Staged release — OpenAI’s GPT-2 release pattern: smaller public artifacts first, larger model weights later, each accompanied by misuse-risk analysis. Made model-weight release a public-governance question, not just a research artifact decision.

BERT made the pre-trained checkpoint feel like infrastructure. A team could begin with a representation already shaped by billions of words, add a task-specific output layer, and fine-tune for question answering, entailment, classification, or another supervised benchmark. That was a major break from building every language system from scratch. But it still left a familiar bottleneck in place: for each new task, the system usually needed labeled examples, a training run, and a task-specific adaptation step.

The next turn asked whether even that adaptation step could move into text. Instead of changing the model weights for a new task, what if the task could be described inside the input? What if examples could sit in the prompt rather than in a separate fine-tuning dataset? What if a model trained only to predict the next token could use the surrounding context as a temporary specification of what to do?

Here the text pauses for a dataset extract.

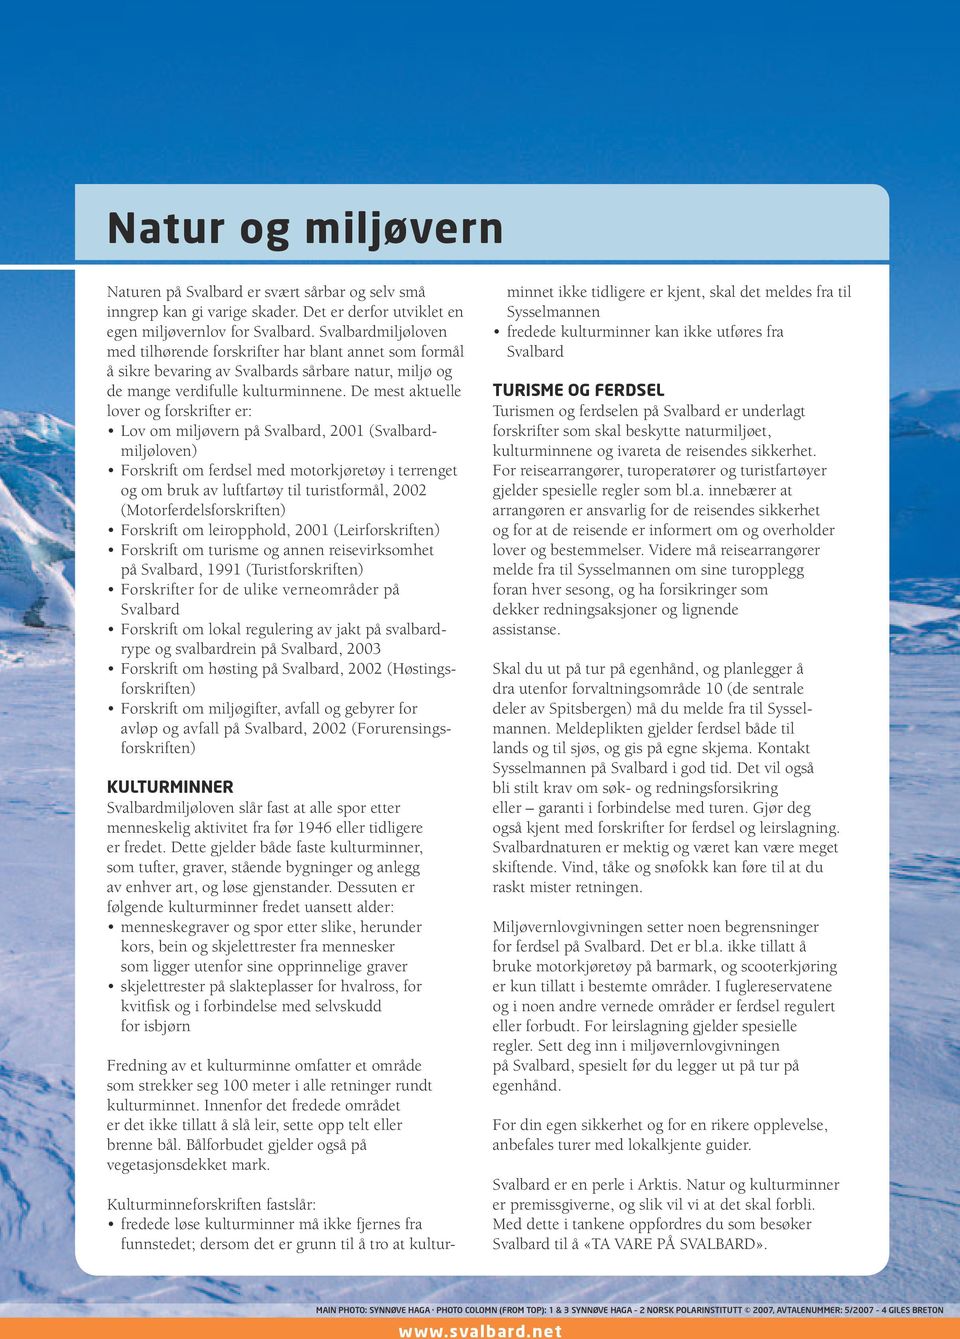 De mest aktuelle lover og forskrifter er: Lov om miljøvern på Svalbard, 2001 (Svalbardmiljøloven) Forskrift om ferdsel med motorkjøretøy i terrenget og om bruk av luftfartøy til turistformål, 2002

This was not yet the chatbot moment. It was not a solved-agent interface, a reliable reasoning engine, or a product anyone could trust with open-ended work. It was a change in the surface of language modeling. The model was still predicting text. But the text could now include instructions, demonstrations, labels, questions, answers, formats, and patterns. The prompt started to behave like a tiny task environment.

That made the shift feel different from the earlier pre-training story. A pre-trained encoder gives downstream systems a stronger internal representation. A prompt-conditioned generator makes the interaction itself visible. A user can see the task description and examples because they are ordinary text. The model’s hidden activations remain opaque, but the control surface becomes legible enough for non-specialists to experiment with. This is why prompting would later become a cultural phenomenon. The roots were already present before chat products: the task was moving into the context window.

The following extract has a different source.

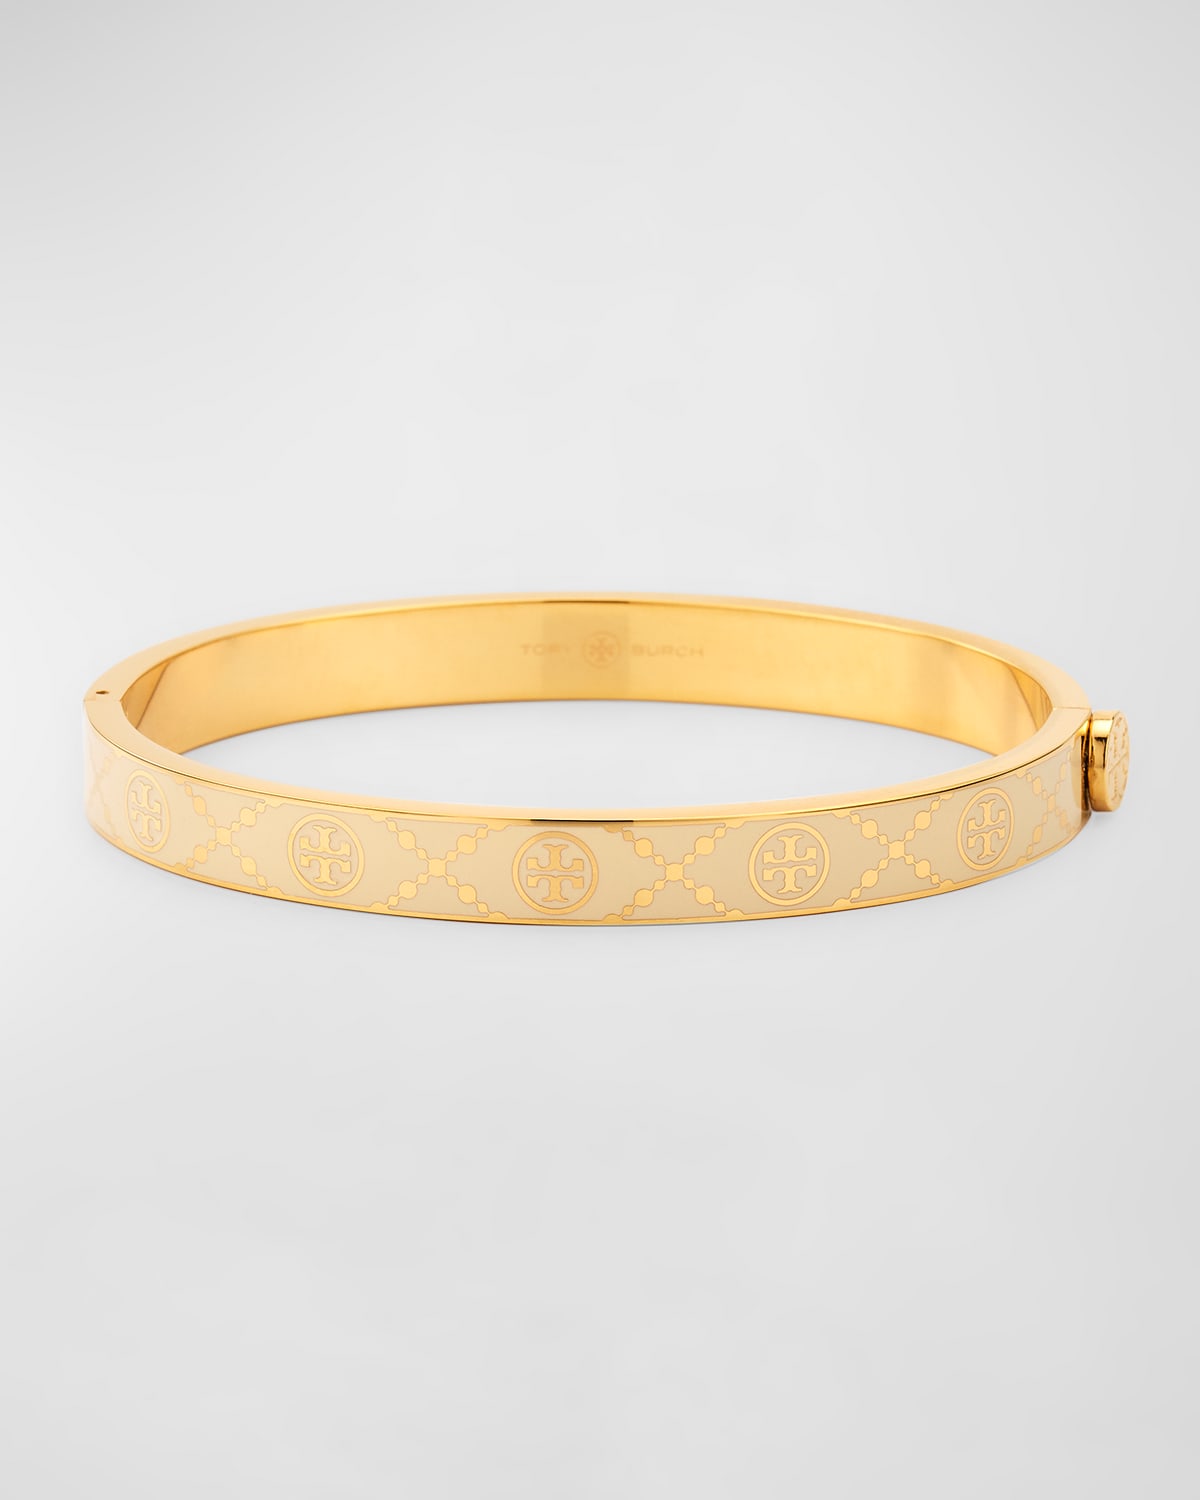 Tory Burch T Monogram Hinge Bracelet, White In Gold

GPT-2 and GPT-3 made that shift visible in two stages. GPT-2 argued that a large autoregressive Transformer trained on broad web text could perform a range of tasks in a zero-shot setting, without task-specific parameter or architecture modification. GPT-3 made the claim harder to ignore by scaling the model dramatically and evaluating tasks where the only task information came from text in the context window. The historical result was not that the models understood tasks the way people do. It was that the interface to the model began to look less like a training script and more like a piece of writing.

That distinction matters because it changed the economics of experimentation. In the BERT workflow, a user starts from a checkpoint and fine-tunes. In the GPT-3 workflow studied in the paper, the user supplies a prompt and the weights do not move. The work shifts from gradient updates to context design. That did not eliminate supervised learning or fine-tuning; the GPT-3 paper explicitly treats fine-tuning as possible future work, and many fine-tuned systems still outperformed GPT-3 on specific tasks. But it made a new question central: how much task behavior can be elicited at inference time?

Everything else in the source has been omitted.